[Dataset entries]
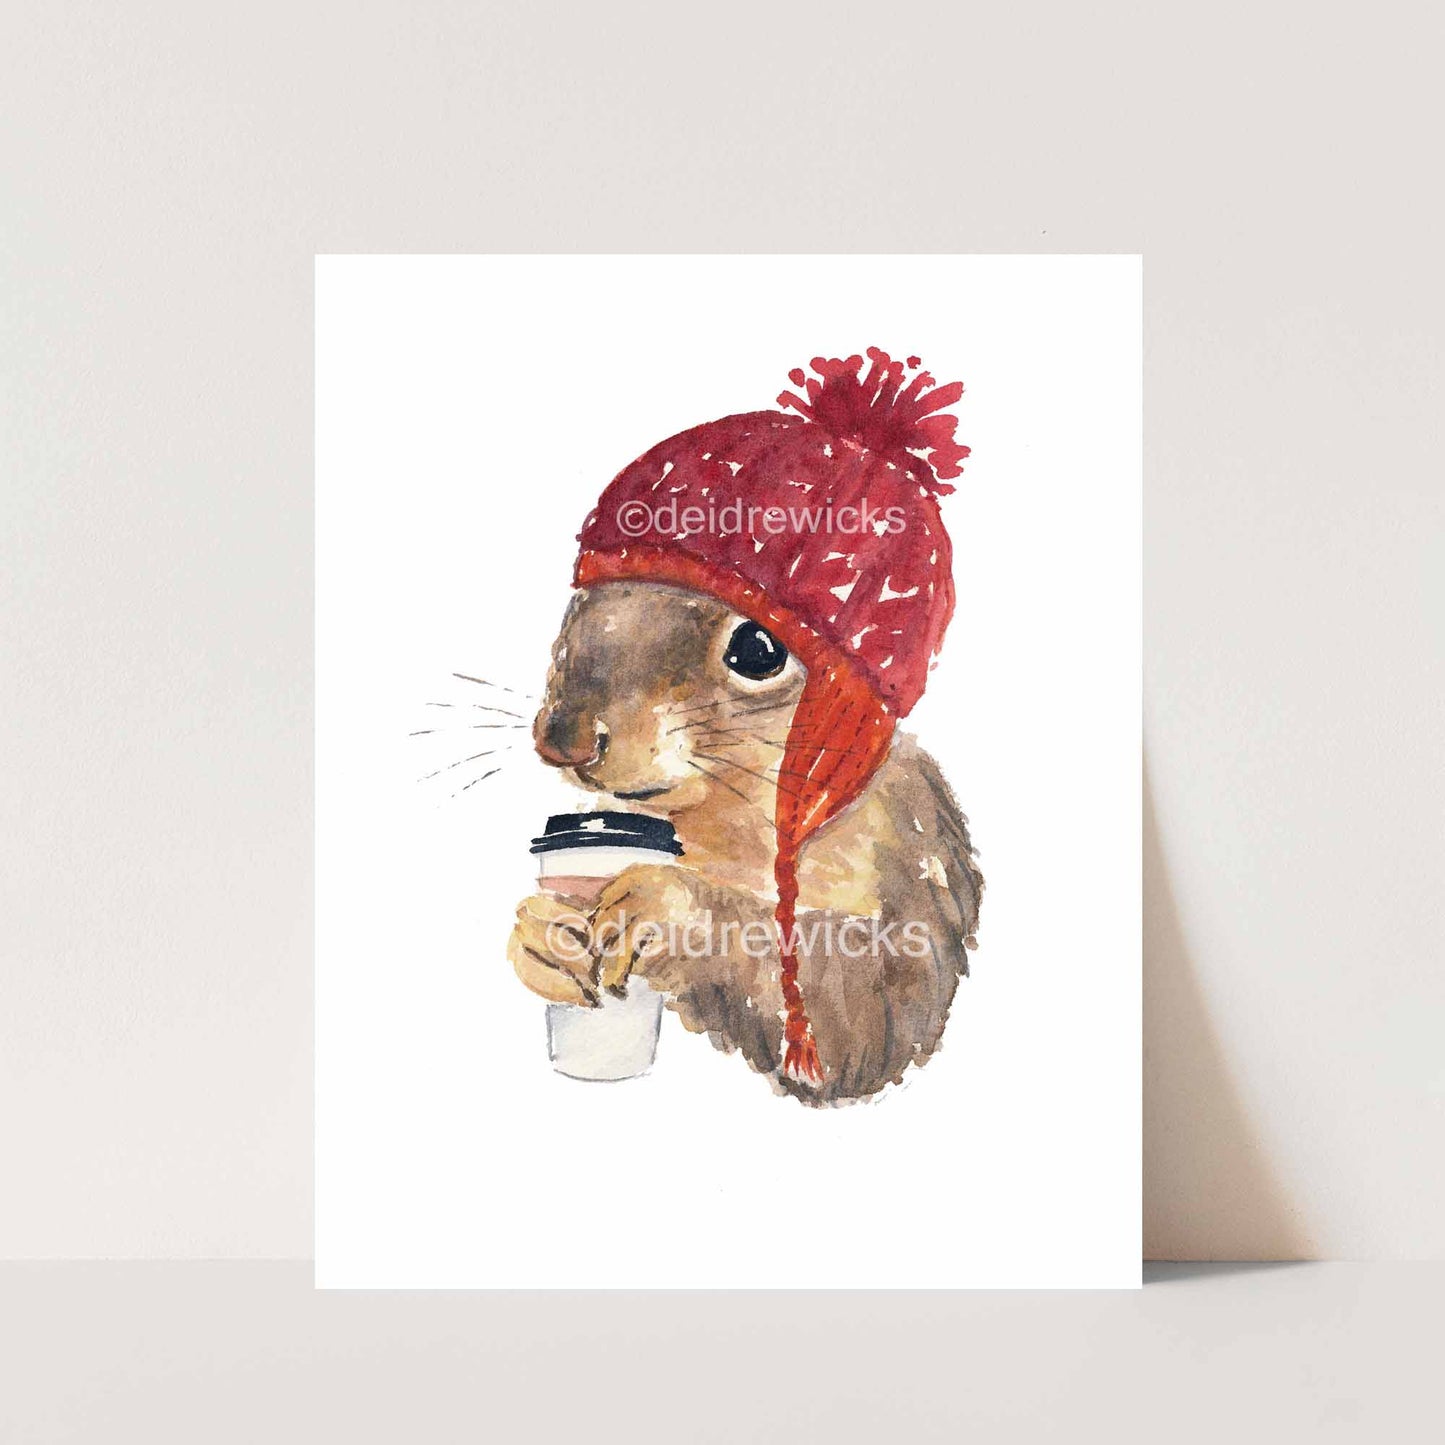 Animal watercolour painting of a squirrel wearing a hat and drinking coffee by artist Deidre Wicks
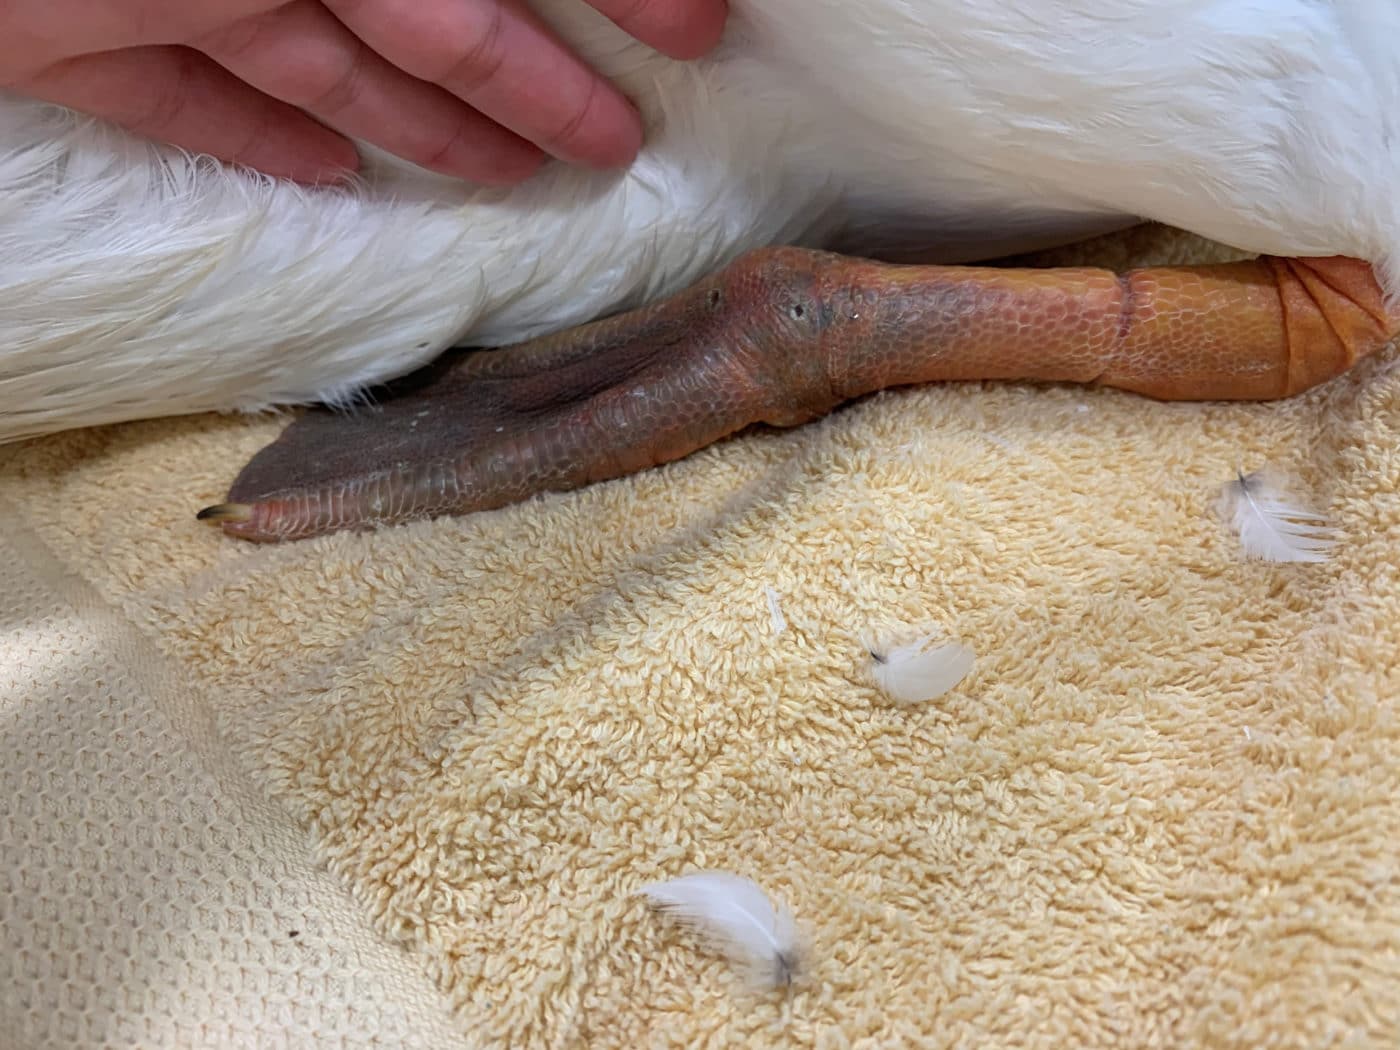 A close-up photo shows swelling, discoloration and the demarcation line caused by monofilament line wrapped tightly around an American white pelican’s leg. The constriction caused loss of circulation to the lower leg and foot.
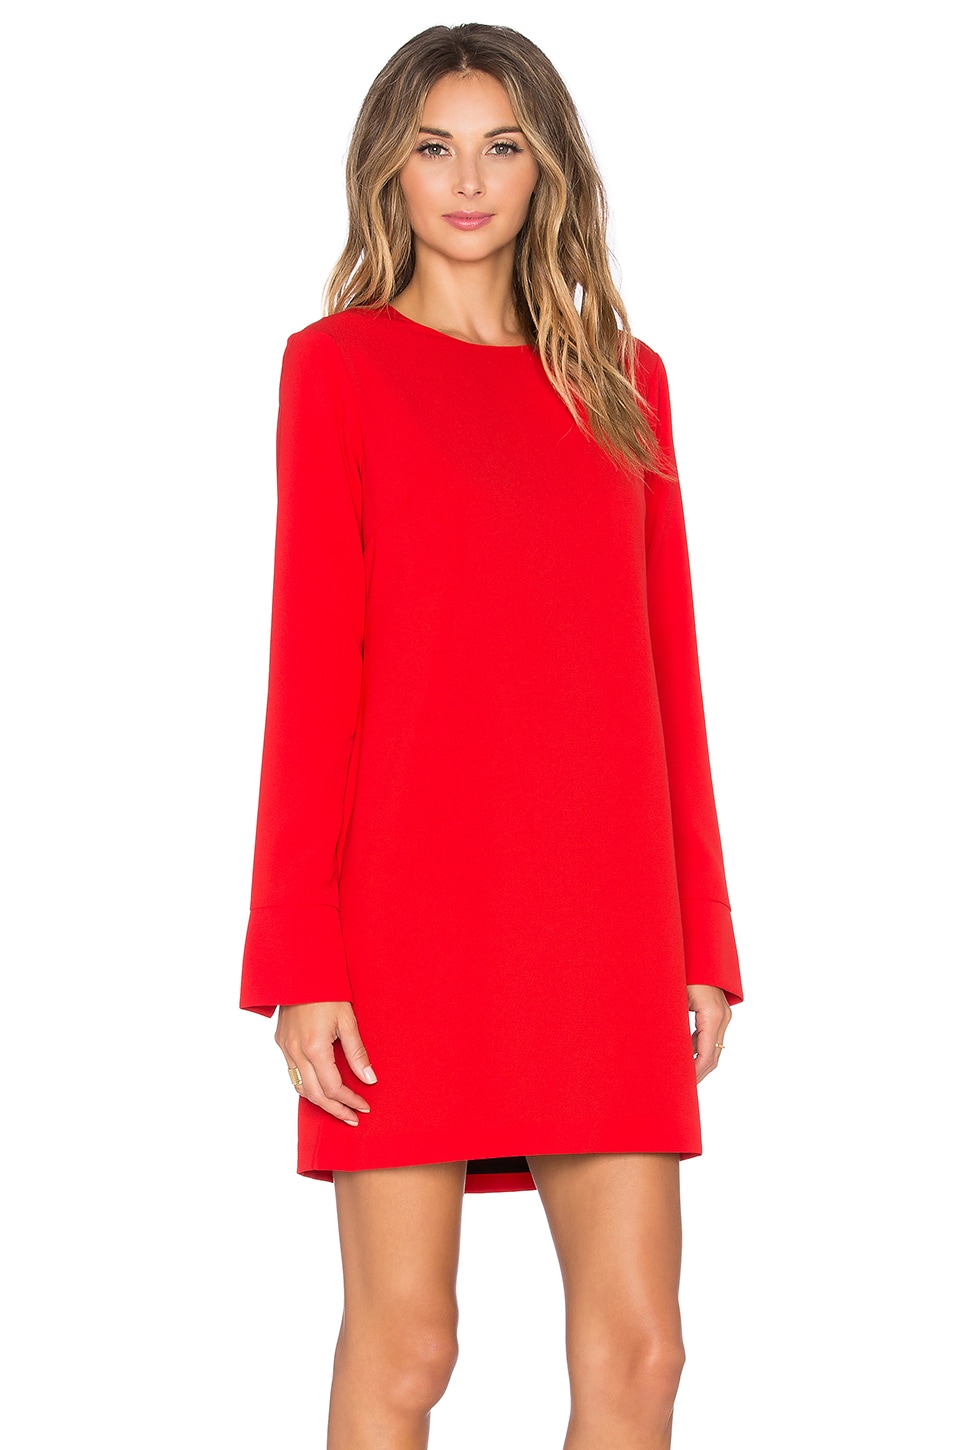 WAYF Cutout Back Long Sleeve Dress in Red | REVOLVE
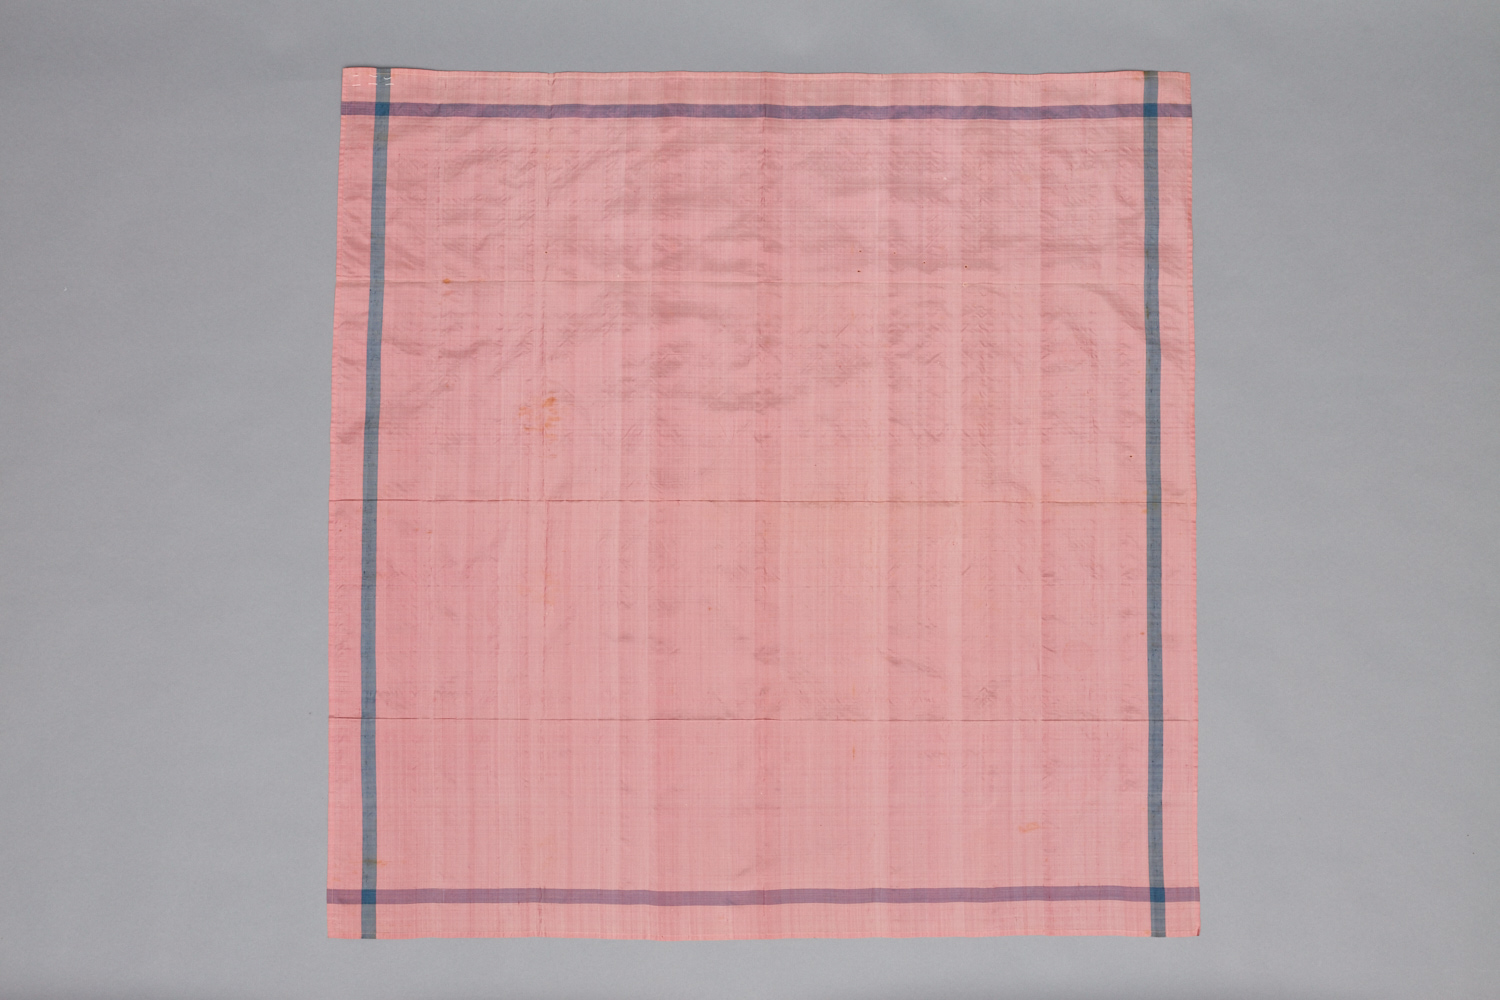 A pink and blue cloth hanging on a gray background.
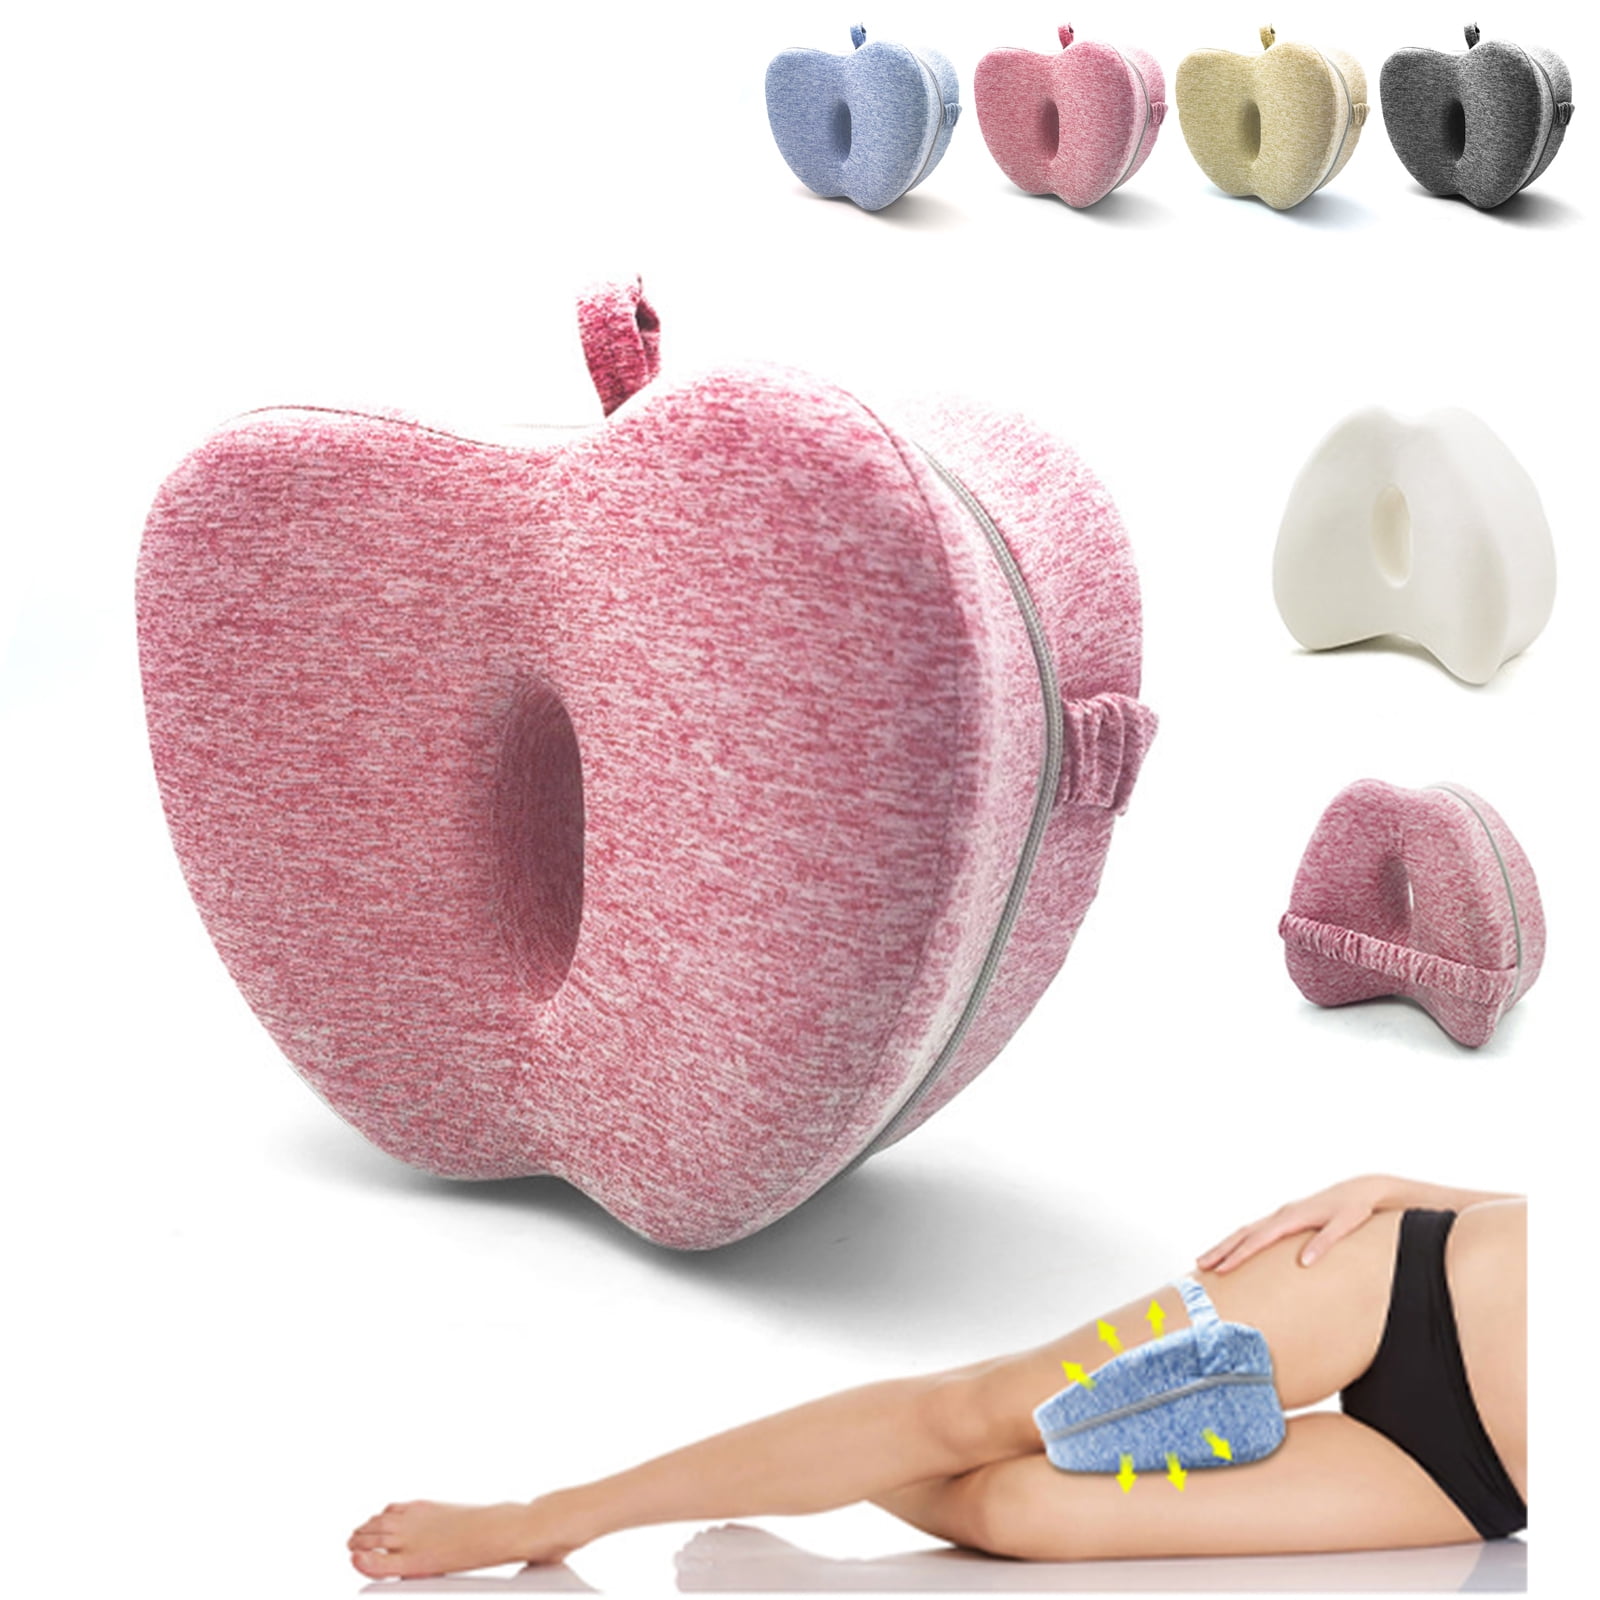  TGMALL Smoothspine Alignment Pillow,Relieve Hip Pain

§ What the task asks: Exactly as written, set down the lines from the line holding "A pink and blue" to the last line of the data, both ends included, pictures excluded.

§ Your solution:
 A pink and blue cloth hanging on a gray background.
  TGMALL Smoothspine Alignment Pillow,Relieve Hip Pain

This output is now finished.